Evidence. Irrefutable evidence. That was what was needed. Vogel, who didn’t much care for hunches, drifted off to sleep muttering the word like a mantra: Evidence, evidence...
Eleven
By the time she finished her stint on point duty, Michelle’s anger and irritation had evolved into full-blown fury. She couldn’t believe the way Vogel had cross-examined her. She had no doubt whatsoever that he’d deliberately orchestrated their ‘chance’ meeting by the coffee machine in order to grill her. And it had been a tremendous shock to her to realize that he considered her a suspect — which he most definitely did, however much he might protest.
She decided to walk from Charing Cross police station to her home at the top end of Holborn in order to calm herself down a bit. But it didn’t work. Taking a sickie for her own personal reasons might be an unwise career move, but it had nothing to do with Vogel. Similarly if she chose not to reveal to her friends the true reason for her absence from town, that was entirely her own business. How dare Vogel poke about in her life.

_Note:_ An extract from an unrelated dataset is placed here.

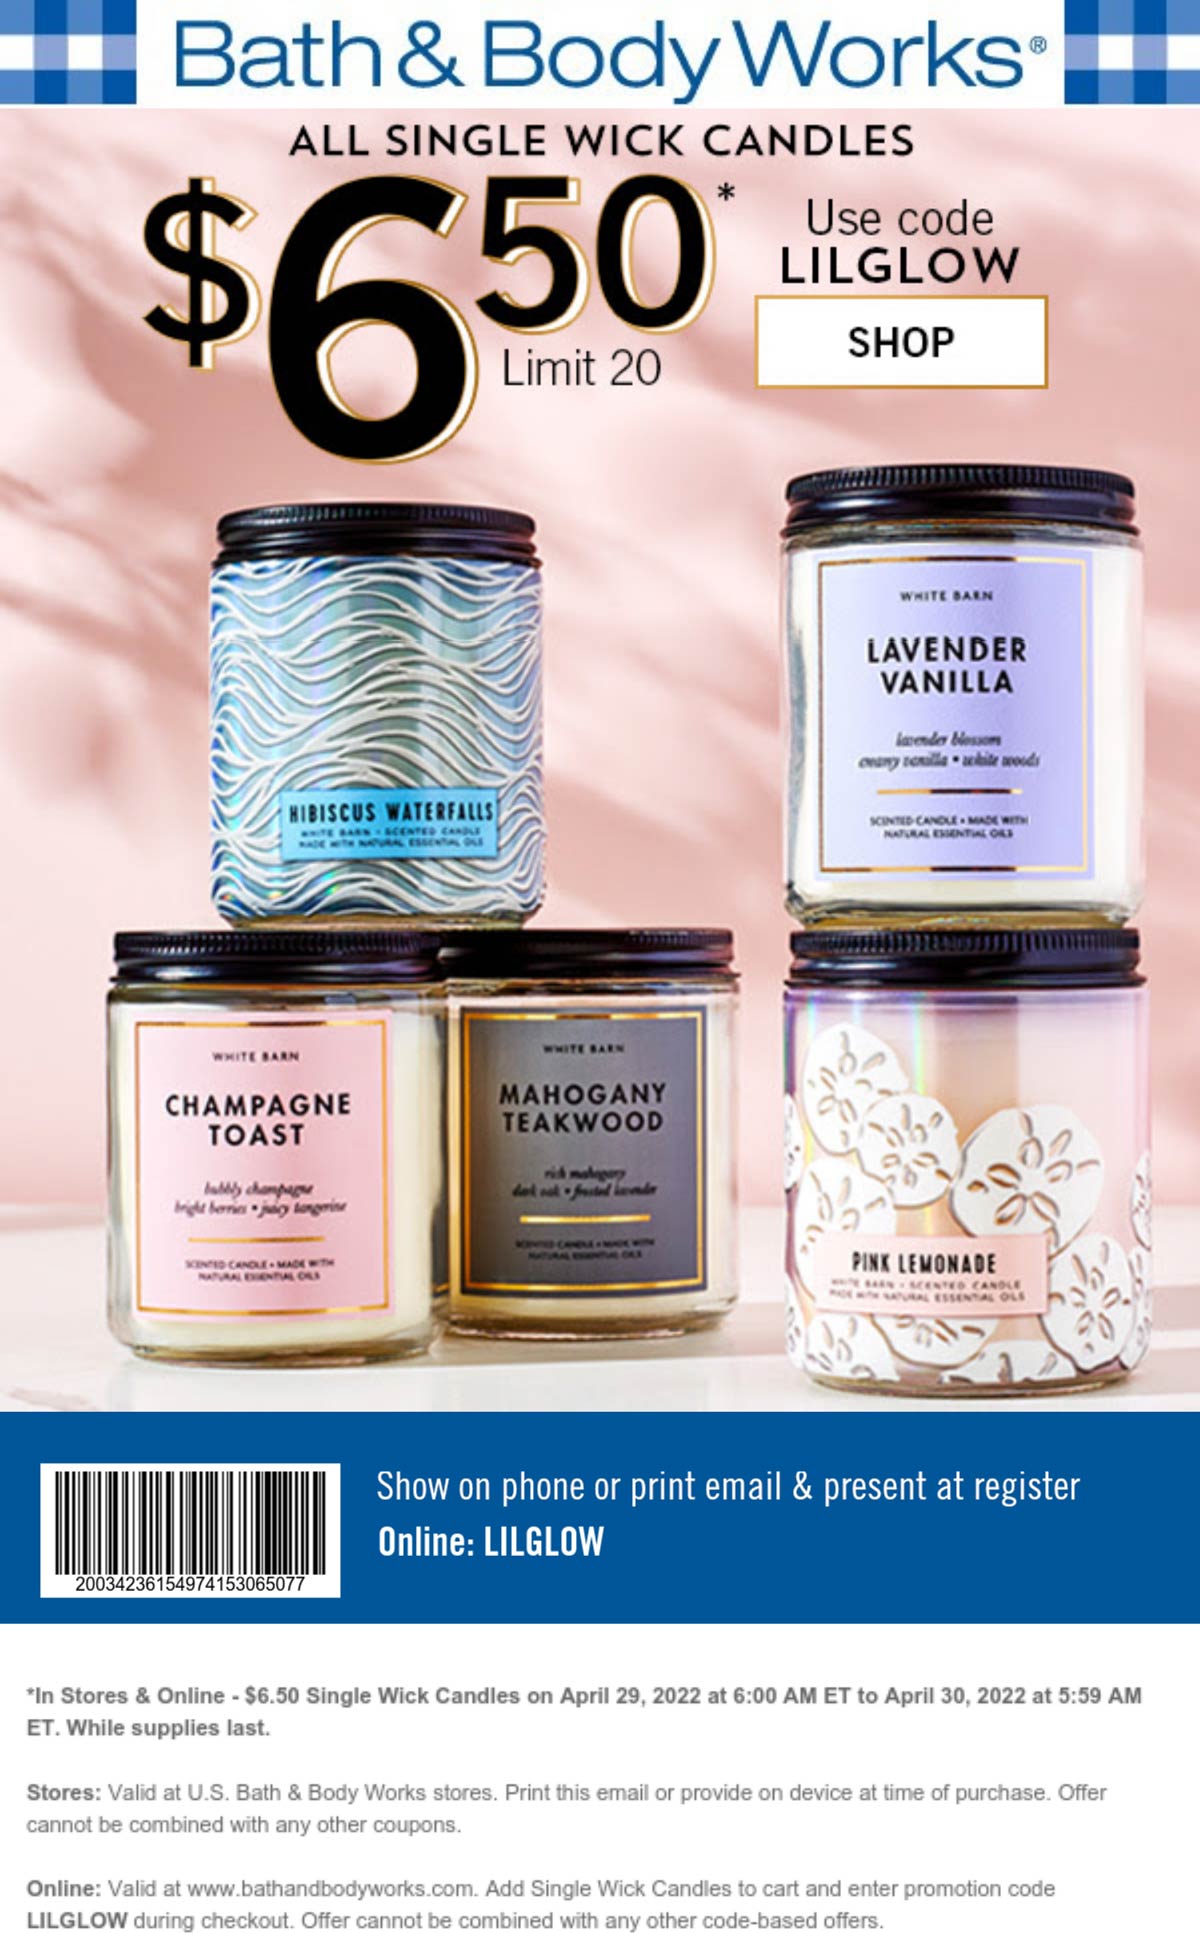 Bath & Body Works stores Coupon  $7 candles today at Bath & Body Works, or online via promo code LILGLOW #bathbodyworks

Michelle was still fuming as she unlocked the door to her studio flat in an ugly purpose-built 1960s block just off Lamb’s Conduit Street. It seemed very cold inside. She shivered as she began to take off her coat. She put it back on again and then checked the heating system thermostat. Everything seemed to be in order, but the place was definitely extremely chilly.
Surely it couldn’t be the damned communal boiler again? She phoned the part-time caretaker. The boiler was indeed on the blink, for the third time that year — and it was only March.
Michelle shouted at the caretaker, which she knew was small of her. It wasn’t his fault. Well, not exactly. Then, roundly cursing the world in general, she made her way into the tiny kitchen off the far end of her bedsit. She wanted a drink. But she’d finished her last bottle of wine the previous evening. She remembered that she was also hungry, having skipped lunch, and opened the door of her fridge. It contained only the dubious remains of a carton of milk, a piece of cheese tinged with green and some bread so hard you’d need an axe to break into it.